If your beaver have functionally destroyed your bridges through flooding, there might not be a way around tearing those dams down. Discouraging beavers at point A will not really be a detriment to nature if you can ENCOURAGE beavers to build at point B.
These 2 videos aren't EXACTLY what I was looking for, the do capture some of what I was saying.
Working with beaver to restore habitat. This image and video
Working with Beaver to Restore Salmon Habitat
This one talks about building a partial dam to encourage the beavers to build at point B, thereby leaving point A alone.

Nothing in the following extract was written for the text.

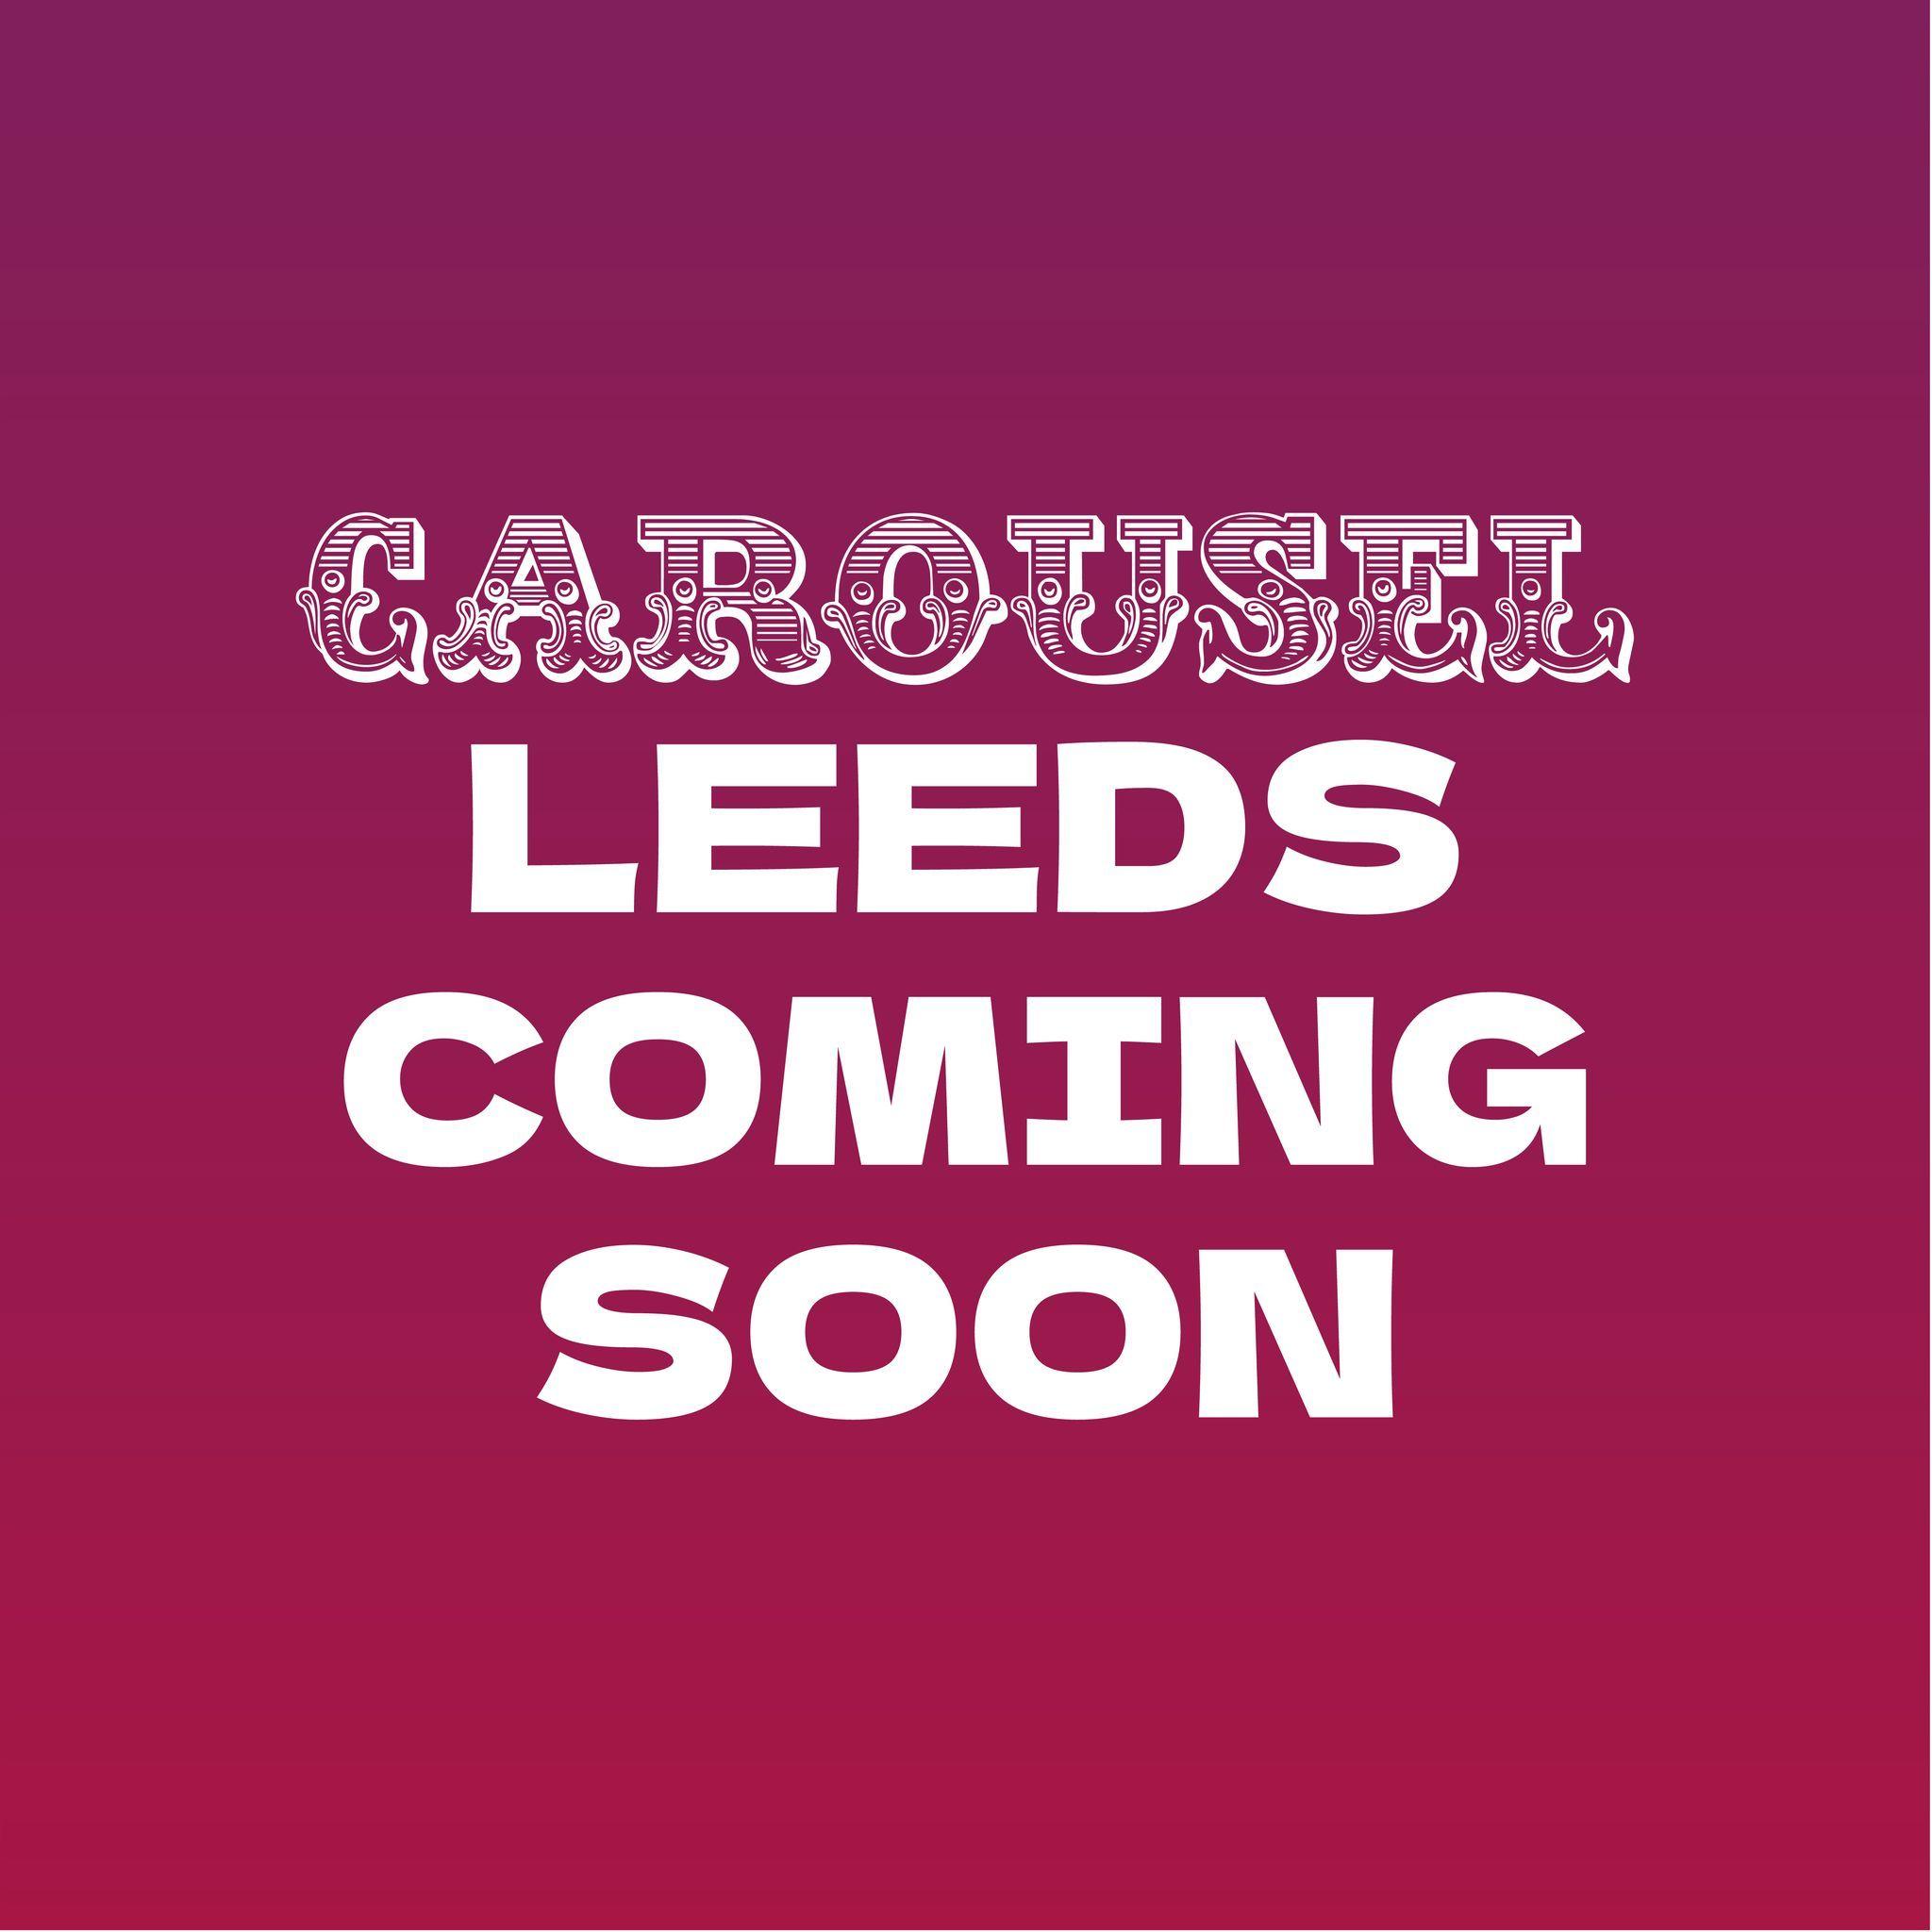 Carousel Leeds, Carousel & Home Leeds photo #1

Beaver dams without beavers? Artificial logjams are a popular but controversial restoration tool
Sorry its not exactly what you were looking for, or that I was looking for. But I have had a lot of wine tonight, so perhaps my google-fu will be better tomorrow. The general consensus is, that if you don't want to kill the beaver(anti-beaver murder = YAY), that you can't "stop" them from building damns at your bridges and culverts. You have to actively encourage them to build elsewhere. But if you need to be rid of an existing dam, you don't have an alternative but to tear it down. Having said that. Tear it down as early as possible! They need time to recover, since they store their food(young succulent branches) underwater and if the pond drops too low, the food won't stay good throughout winter.
Since it is "crown land"(which is equivalent to federal land in the US), you might be able to just drop some larger branches in the water closer to the main pond. Let them create noise turbulence. Remember, it appears to be noise that triggers the beaver. If you drop 2-3 trees across the streams t the same location, you have done 70% of the beaver's work for it. Its just filling the cracks at that point.